# Finding weekly interest on loan payments

In order to know how much interest I will be paying on weekly basis, I have this information:

``````Capital: 313 pounds
APR: 48.5%
Payments periods: 104 weeks
``````

How do I know how much interest I'm paying knowing that the weekly amount is fixed. To clarify, this is a pay-to-own service, hence the amount is too low.

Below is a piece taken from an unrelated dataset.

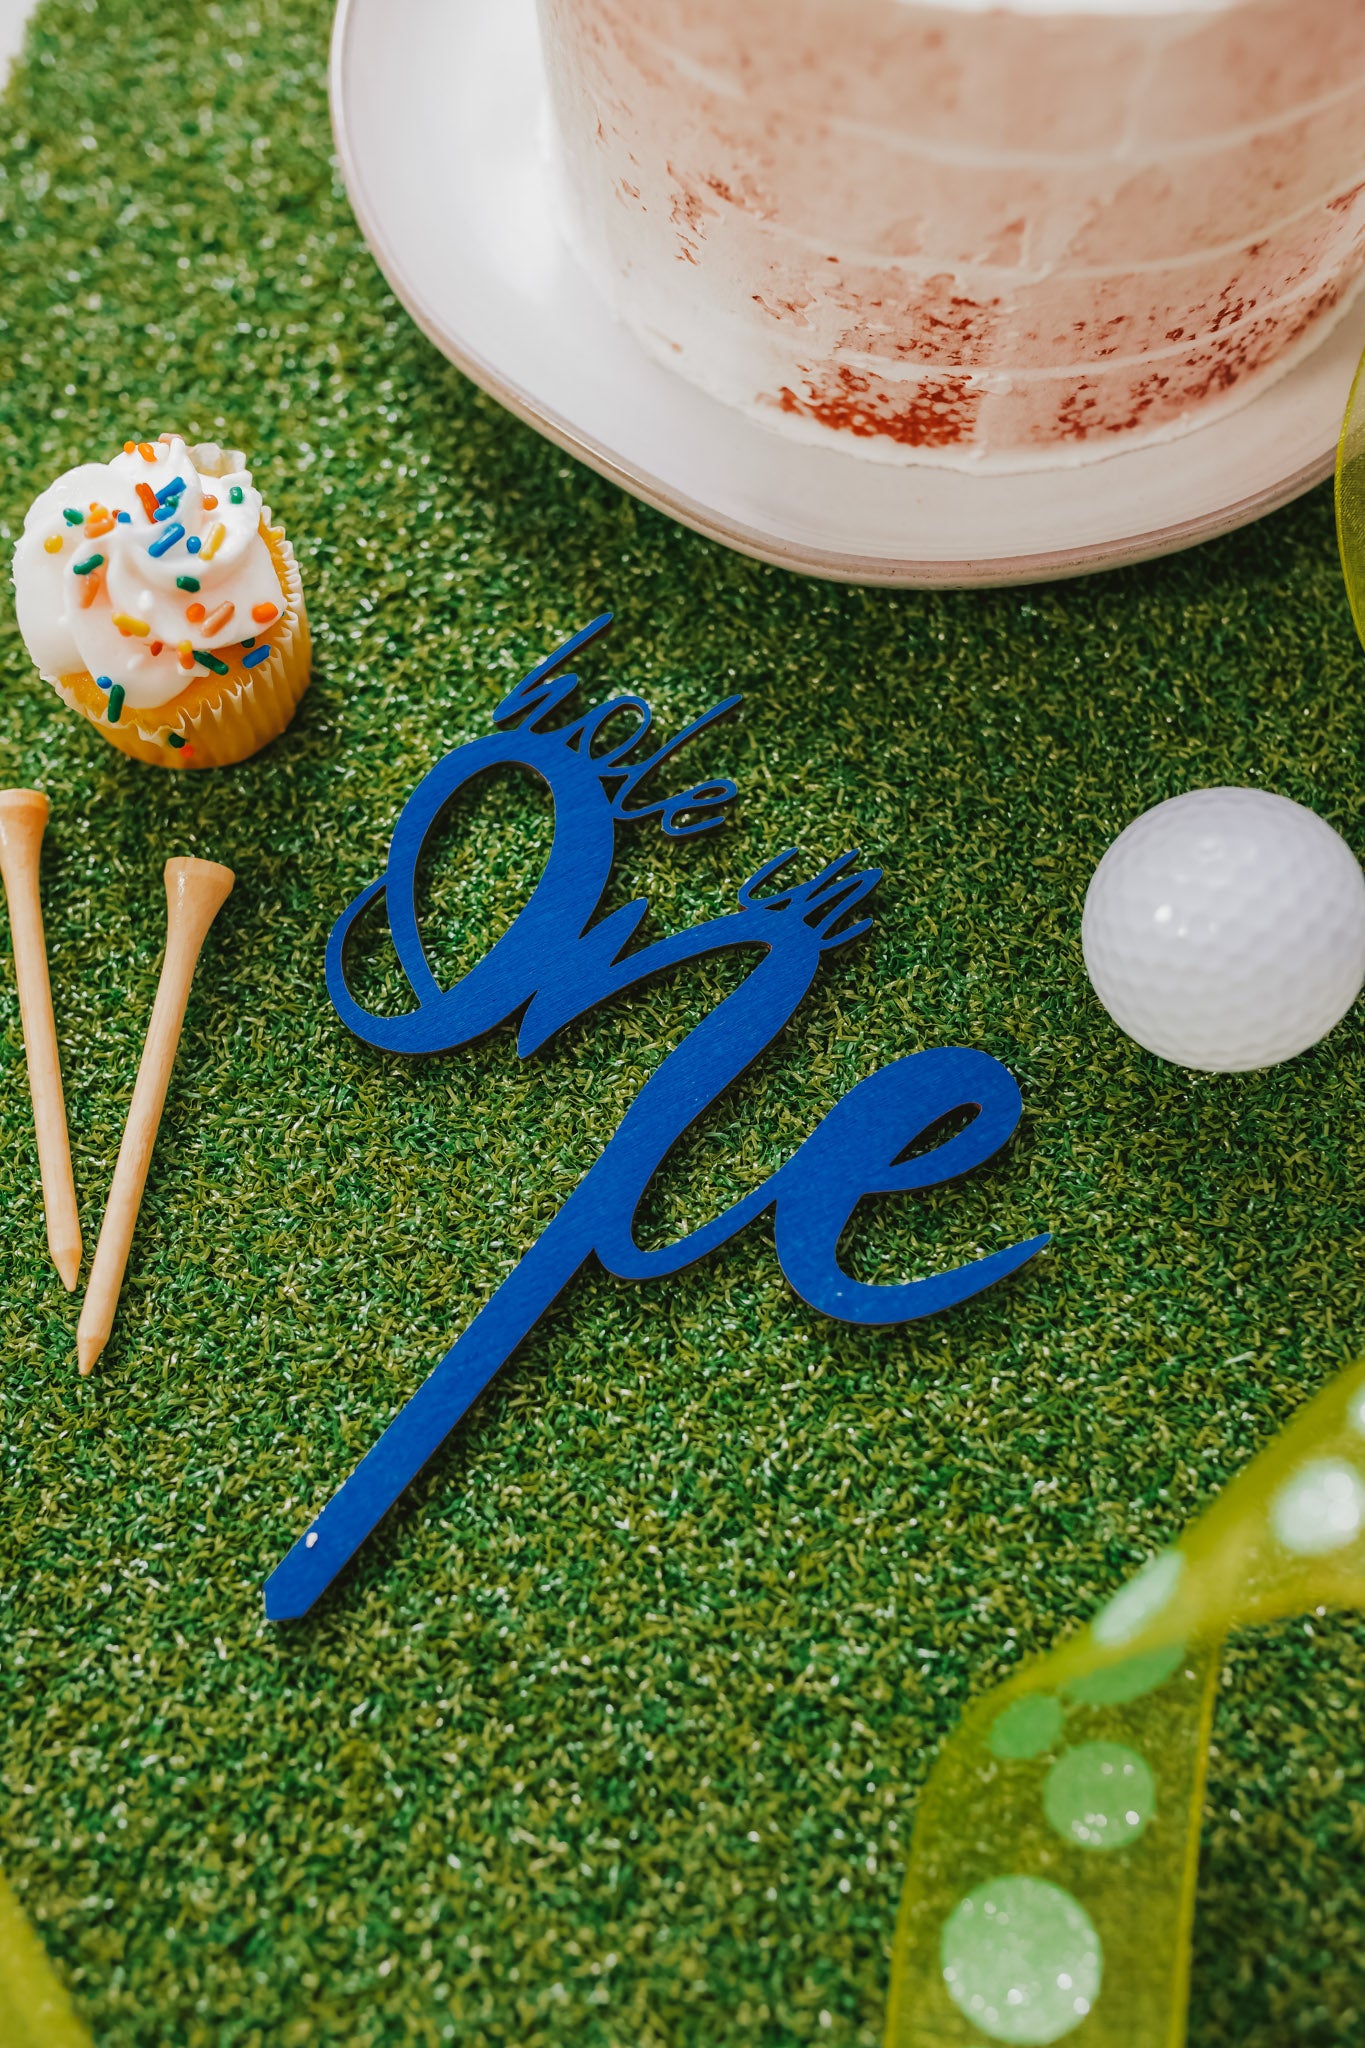 Hole In One Navy Blue Cake Topper For Boys First Golf Birthday, Hole In One Boys Cake Topper For Baby Boy Cake Smash Photoshoot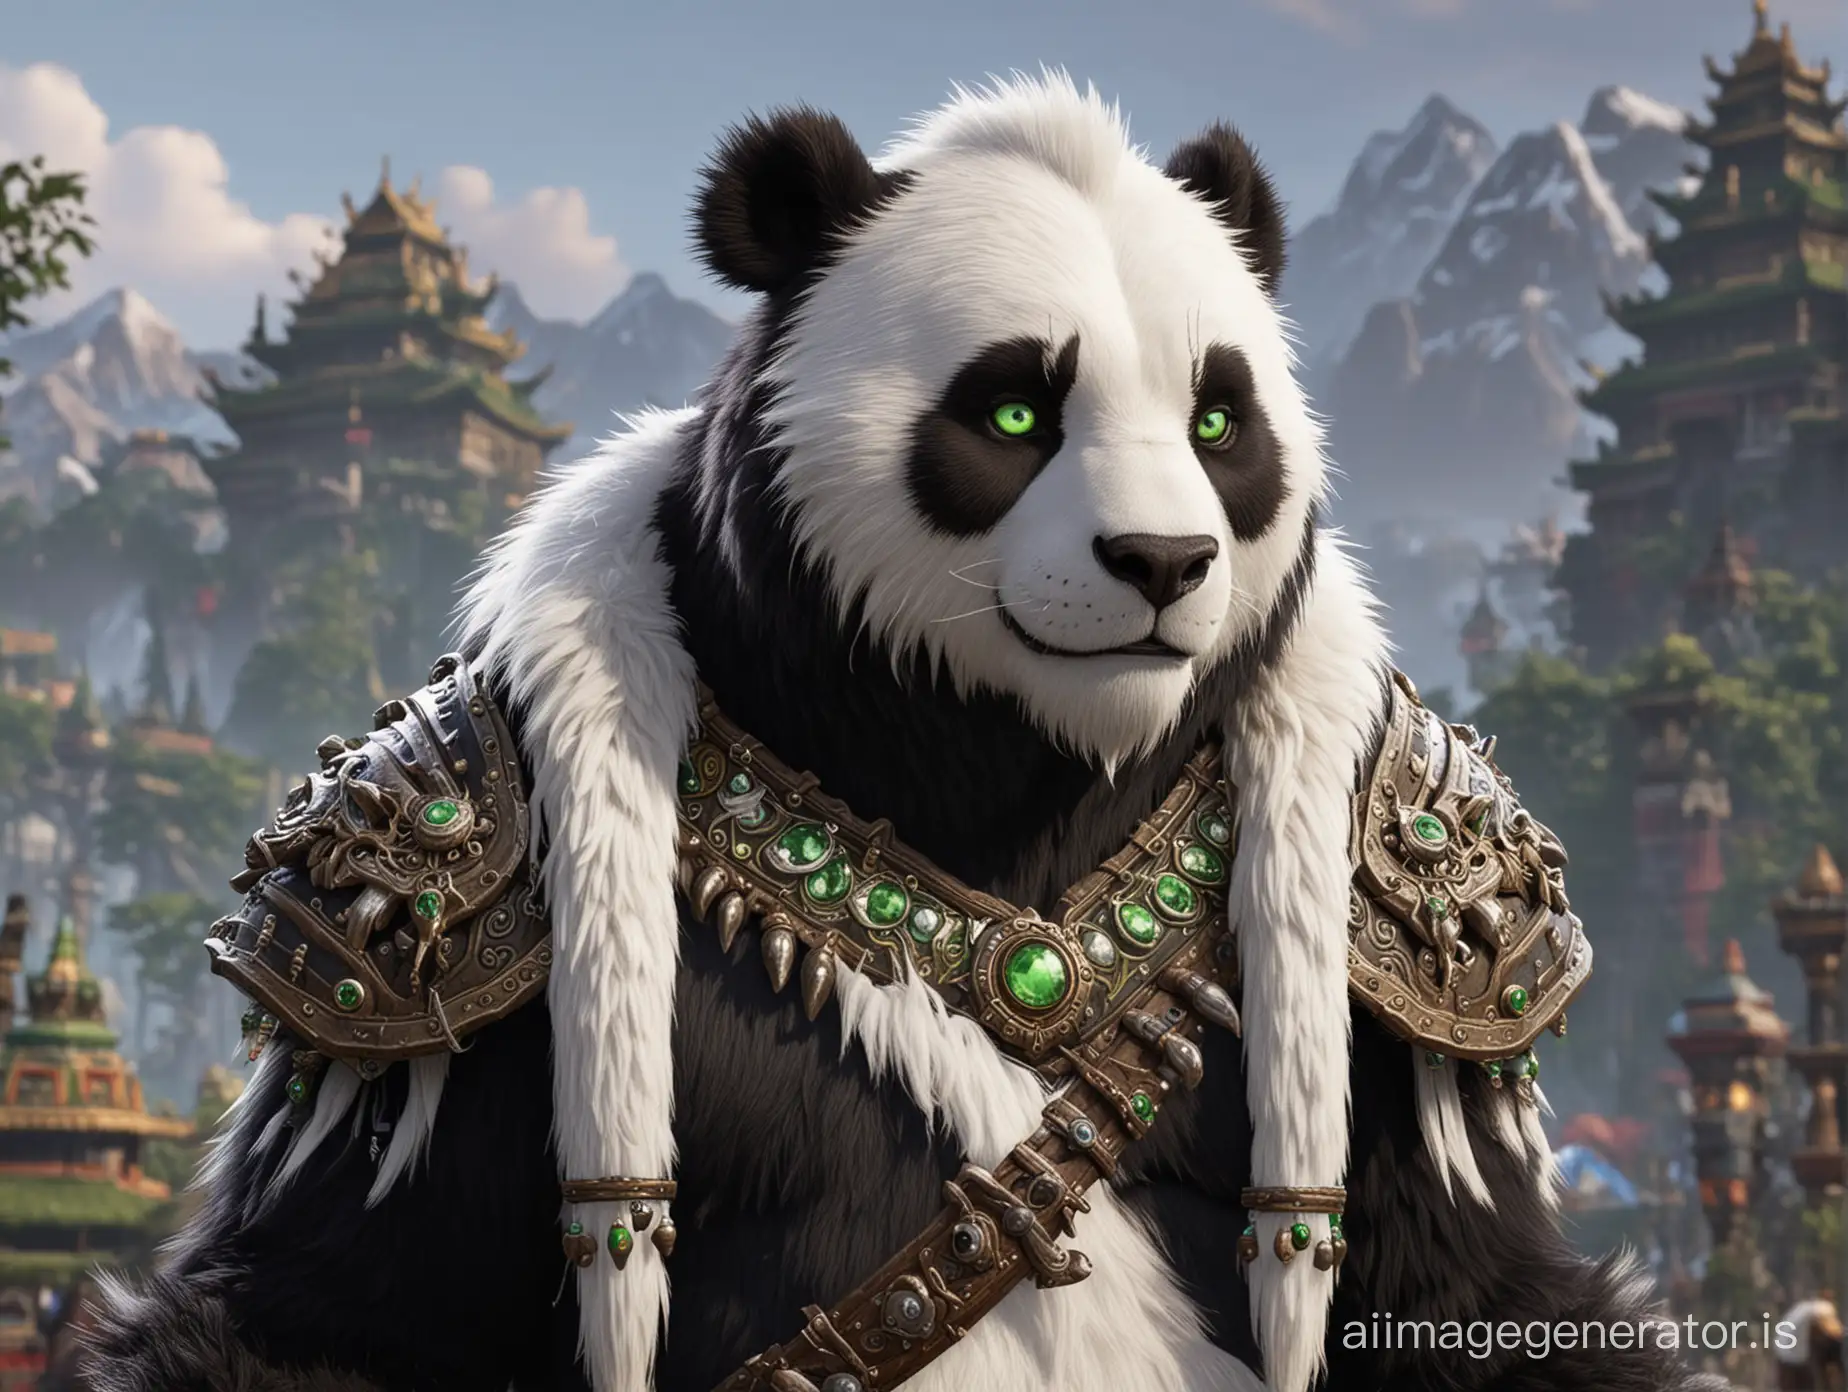 Pandarian from World of Warcraft with green eyes and white and black fur standing in Pandaria

• You need to add a `country` or `eurozone` tag because APR means something different in the US than what it means in many other parts of the world. Also, a 48.5% APR would be considered usurious (and likely illegal) in some parts of the world. – Dilip Sarwate Jan 23 at 16:15
• @DilipSarwate 313 EUR is very low so this smells like a payday loan... – MD-Tech Jan 23 at 16:18
• "how much interest I will be paying on weekly basis"? That depends on #1 if you let it sit and grow, or occasionally pay some off, and #2 whether it's simple or compound interest. – RonJohn Jan 23 at 16:21
• Hi, welcome to the site. Is this a real life problem? If so, then it would help to add some more context to the question (in particular, what country this is in), and likely other information would be helpful also as far as how the interest is calculated/amortized. – Joe Jan 23 at 16:24
• Thank you all, I edited the post with the information needed. – nidabdella Jan 23 at 16:39

Assuming that 1) the APR represents the annualized interest rate without compounding and 2) the loan is amortized evenly over the 108 weeks, the payment amount should be:

``````PV  *  r        313   *   .485/52
---------   =   ------------------    = 4.7146
1-(1+r)^-n      1- (i+.485/52)^-52
``````

So the total paid is 4.7146 * 104 = 490.32, 177.32 of which is interest.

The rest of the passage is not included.